An interface corresponding (but not necessarily identical) to an actual hardware 
processor is therefore exported to each virtual processor by a respective subsystem in 
the VMM. Thus, the "global" VMM 500 shown in Figure 2 includes subsystems or "sub- 
VMMs" VMMa, VMMb, VMMe, VMMf, (indicated by reference numbers 510a, 510b, 

510e, 51 Of, respectively) that act as dedicated interfaces and monitors for the 
respective virtual processors VCPUa, VCPUb, VCPUe, and VCPUf. As needed, 
each sub-VMM may also halt and resume execution of its corresponding virtual CPU, or 
change its state. Each sub-VMM includes software modules for memory mapping and 
fault/interrupt/exception handling for its respective virtual CPU as shown in the single, 
dedicated VMM of Figure 1. 

[0060] Each sub-VMM therefore preferably includes conventional mechanisms for 
establishing traces on memory locations, either for its own internal use or corresponding 
to traces on virtual memory as required for operations of sub-systems (such as a virtual 
CPU) within the VM. One reason that the sub-VMM may need to establish traces on 
physical memory locations is to detect any access to primary data structures for which 
the sub-VMM has created corresponding secondary, that is, derivative data structures. 

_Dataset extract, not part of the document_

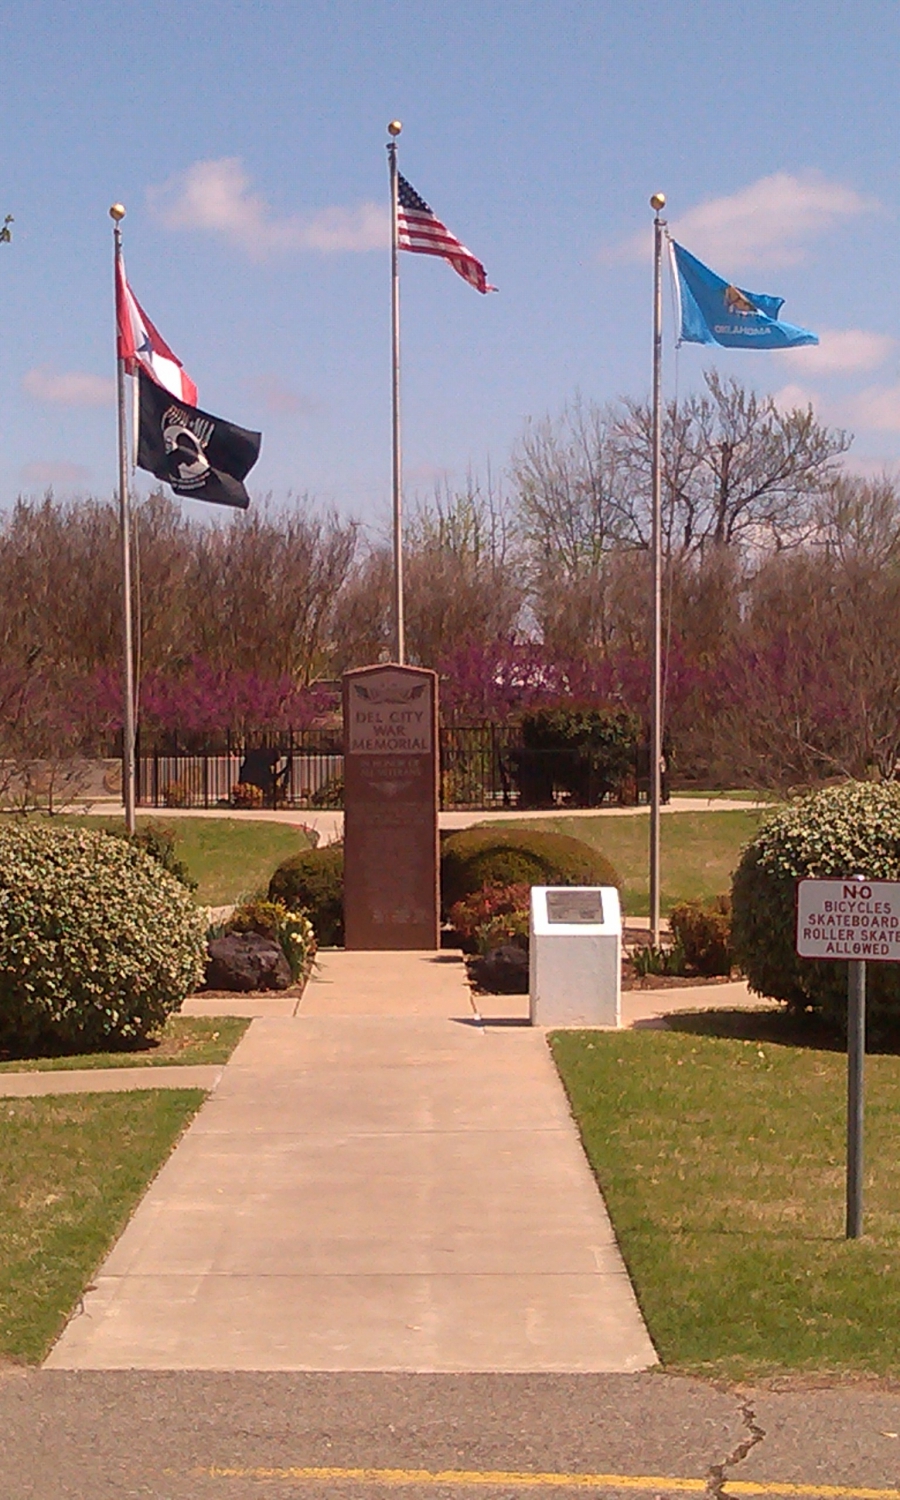 Patriot Park - Del City, Oklahoma War Memorial

For example, each sub-VMM may maintain shadow descriptor tables for its respective 
virtual CPU, in which case it will need to be aware of any attempt on the part of the 
guest operating system VOS 320 to modify any descriptors in the primary structure. As 
another example, if any of the instructions of a virtual CPU need to undergo binary 
translation before execution on the physical processor, then the respective sub-VMM 
preferably also includes the appropriate binary translation sub-system (or a link to a 
common binary translator located in the global VMM 500). The sub-VMM will then also 
be aware of the location of the original code and will need to know of any write 
operation that would affect the original code.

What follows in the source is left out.